パリ万国博覧会では白地に赤や青、緑、金などに彩られた豪華絢爛な絵の施された白薩摩が高い評価を受けSATSUMAの名で知れ渡るようになります。
このような理由もあり白薩摩は主に海外向けに出荷された為、日本国内に広がる事はありませんでした。
そのような白薩摩を蒐集して展示されている場所が砂蒸し風呂で有名な鹿児島県指宿市にあります。
薩摩伝承館です。
↑薩摩伝承館
それでは海外の人々を酔わせた優美で凛とした白薩摩のコレクションを見てみましょう。
↑薩摩伝承館の白薩摩
豪華さに溜息が出ますね(は〜)。
さて、話をパリ万国博覧会へ戻しましょう。パリ万国博覧会の開催年は1867年4月1日から11月3日まででした。1867年と言えば日本で歴史的変換点となる変事が起きています。しかもそれはパリ万博開催直後の11月9日です。
大政奉還です。
そしてその前年の1866年は薩長同盟が締結された年です。
ここに薩摩藩が幕府の抗議を無視して日本薩摩琉球国太守政府としてパリ万国博覧会に出展した真意が見て取れます。

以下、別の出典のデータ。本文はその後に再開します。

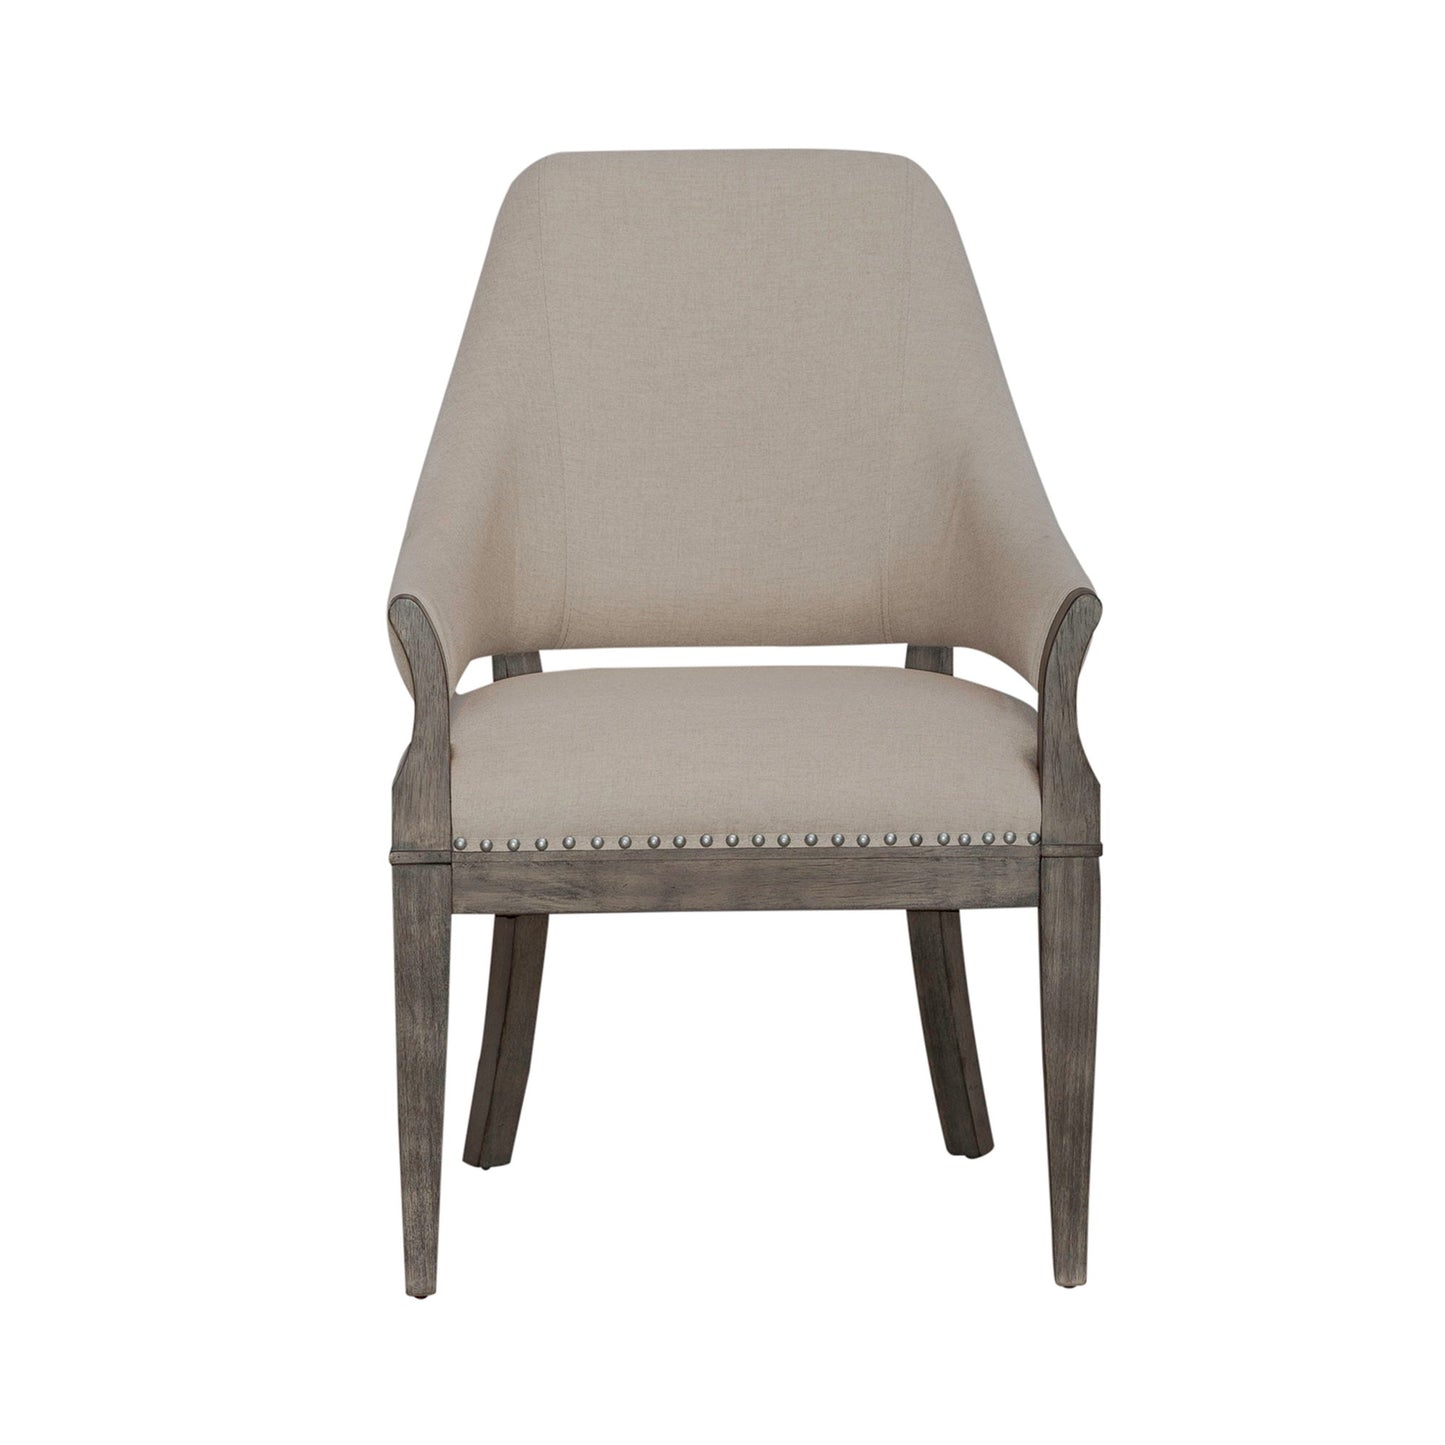 Westfield - Upholstered Arm Chair (Rta)

江戸幕府はパリ万国博覧会を日本が国際舞台にデビューする重要な機会とし、日本を統治する支配者は自分達である事を示す場所と位置付けていました。
薩摩藩はそれを阻止し、自分達の存在を世界に知れ渡らせる事にあったわけです。
当時の万国博覧会は1国につき1出展が原則であった為、薩摩藩の目的は達成したと言えるでしょう。
更にはSATSUMAの名で有名になった白薩摩は海外に輸出され薩摩藩の重要な資金源となりました。

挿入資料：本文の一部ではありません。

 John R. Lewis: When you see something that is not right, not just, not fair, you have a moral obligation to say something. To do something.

白薩摩は日本の歴史の変換点における重要なアイテムの1つだったと言えますね。
白薩摩に限らず何にでも言える事ですがその時代背景を知った上でその物を見るとその物の本当の価値が見えて来るのではないでしょうか?
SATSUMA(白薩摩)は日本の歴史の変化点に携わる事によってLouis Vuitton(ルイ・ヴィトン)、Hermès(エルメス)、Cartier(カルティエ)に肩を並べるブラドの地位を得たと言えるでしょう。
いや、それ以上かもしれません。
Louis Vuittonはこの時のパリ万博博覧会で銅メダルを獲得し、これにより世界的な評判を得る事になったそうです。

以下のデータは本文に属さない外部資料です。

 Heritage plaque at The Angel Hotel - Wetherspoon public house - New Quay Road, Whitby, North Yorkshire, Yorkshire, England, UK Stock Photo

Louis Vuittonと言えばモノグラムの柄ですよね。↑Louis Vuitton(ルイ・ヴィトン)のモノグラムの柄
その中に丸の中に星がデザインされたマークがありますね。このマーク、薩摩藩の当主島津家の家紋からとったものだそうです。
↑(島津家の家紋「丸に十字」/出展:ウィキペディア)
パリ万国博覧会に訪れたLouis Vuittonの関係者が島津家の家紋の入った品々を見て家紋に触発されてモノグラムのデザインを考案したと言われています。
Louis Vuittonは日本人に人気のブランドの1つですが知らず知らずのうちに日本の家紋のデザインに魅かれているのかもしれませんね(笑)
薩摩伝承館に訪れた際はLouis Vuittonの価値までも高めた白薩摩を是非鑑賞して下さい!